Bestselling author Dick King-Smith creates a fascinating picture of rural life at the time of the Second World War.
Discovered as a foundling in a lambing pen, Spider Sparrow grows up surrounded by animals. From sheep and horses to wild otters and foxes, Spider loves them all, even the crows he must scare away from the newly sown wheat. Crowstarving is the ideal job for Spider - he is on his own, yet never alone for all around him are animals of one sort or another. Amazingly, every animal who meets Spider implicitly trusts the young boy. This magical rapport is Spider's unique gift, but nothing else in his tough life is so easy.
'A powerful and heartwarming story... one of those children's books much enjoyed by adults' - Times Educational Supplement
'This book demonstrates everything that is good about writing for children. It is a book of love, trust and wonder thoroughly recommended to adults and young people alike' - Carousel children's book magazine
Author
About Dick King-Smith
Dick King-Smith was born in 1922 and brought up in Gloucestershire.
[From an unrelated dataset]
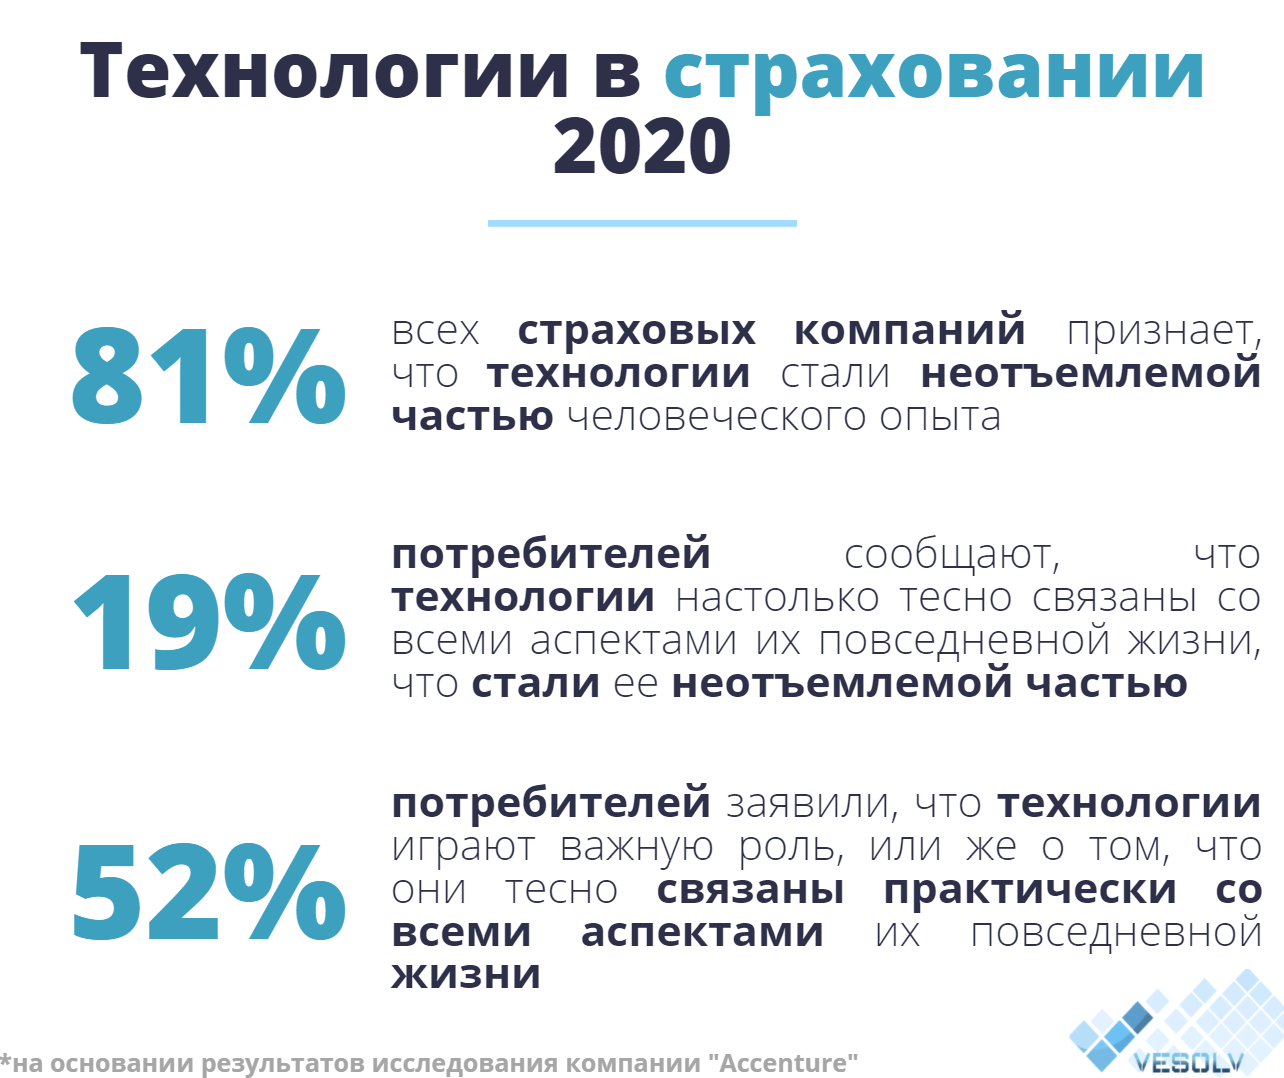 Технологии страхования 2020

Dick served with the Grenadier Guards during World War II and was mentioned in dispatches. He then spent twenty years working as a farmer and a short period teaching in a primary school before becoming a full-time writer.
Dick wrote over seventy stories, many of which have animal characters for the simple reason that, "I like them, I've always kept a lot of pets, and because it's fun putting words in their mouths." His farming years were the inspiration for many of his books, and pigs have featured in several of them because they are his favourite animal. Dick won the 1984 Guardian Fiction Award for The Sheep-Pig, which was later turned into an Oscar-winning film, 'Babe'. He died in 2011.